We presented an impact of AMAMTS14 gene variations in combination with acquired factors on the incidence and tumor cell differentiation of OSCC; however, there are several limitations in the study. One is that all habitual exposures of carcinogens were dichotomized. The effects of environmental risks on the predisposition to oral cancer may be underestimtated because of a lack of quantitative definition for betel nut chewing, drinking, and smoking. The other concern is that esophageal mucosa was selected based on anatomical relevance for evaluation from GTEx database because oral tissue is unavailable. Also unavailable are patients’ survival data since a majority of patients were enrolled in the past few years. Another weakness is that the control group in this hospital-based study was recruited among individuals without cancer. We could not entirely exclude the possibility of potential selection and recall bias. In addition, the results presented in this study may not be able to be extended to other populations unless replication studies are conducted. Furthermore, the functional role of ADAMTS14 in cell differentiation of oral cancer requires further investigation.

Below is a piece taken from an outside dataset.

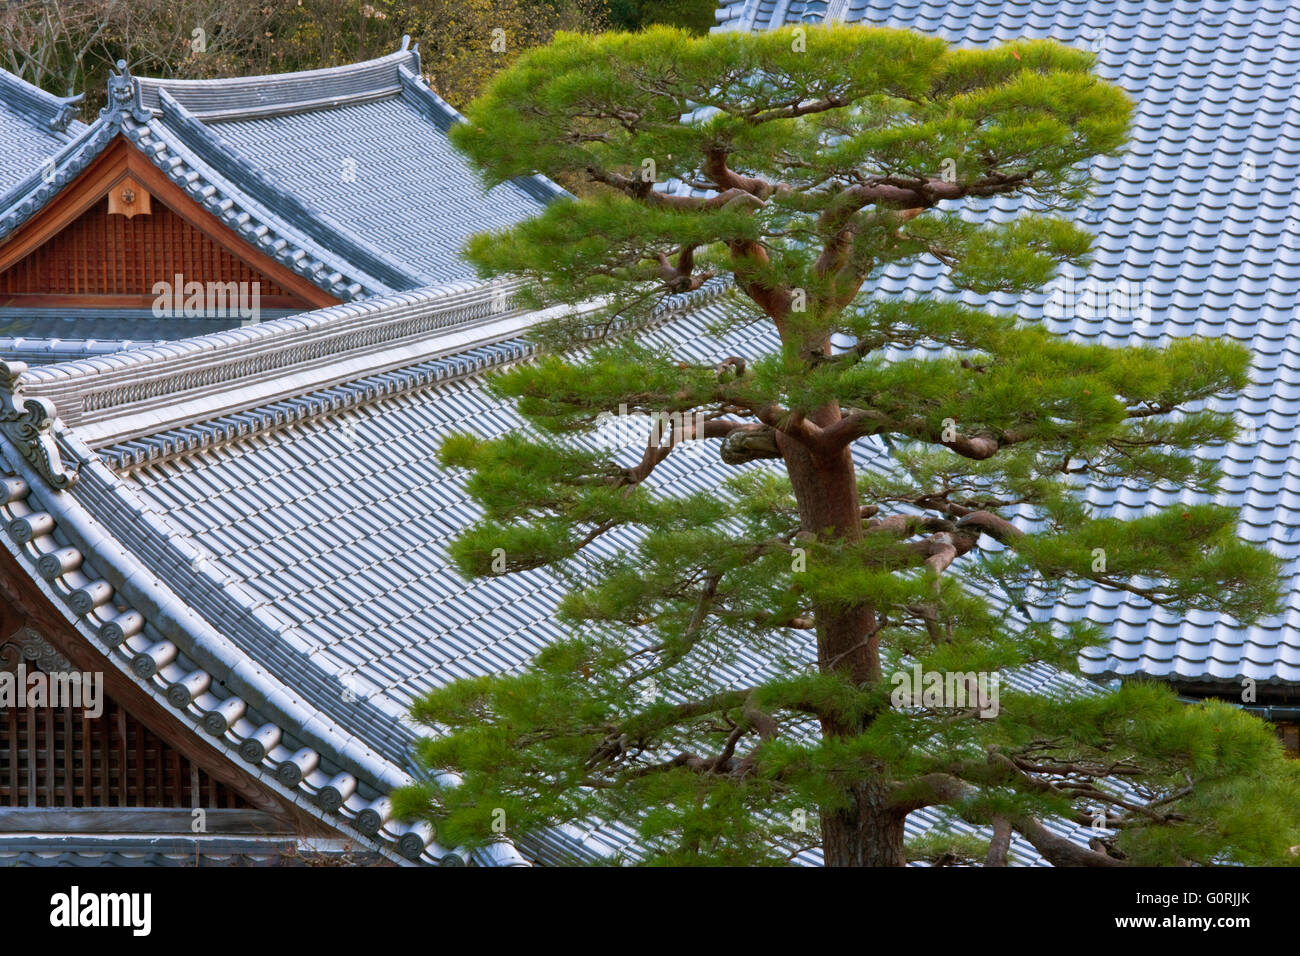 A telephoto view shows an akamatsu red pine tree sculpted to bonsai-like perfection in front of kawara ceramic tiled roofs at Komyo-ji, a Buddhist temple in the southwest outskirts of Kyoto, Japan. Stock Photo

In conclusion, our results demonstrate that a joint effect of ADAMTS14 SNPs (rs10823607, rs12774070, rs4747096, and rs61573157) with betel nut chewing and smoking causally contributes to the occurrence of oral cancer. In addition, an inverse association of SNP ADAMTS14 rs12774070 with tumors cell differentiation was observed in betel nut users. These findings reveal a novel genetic-environmental predisposition to oral tumorigenesis.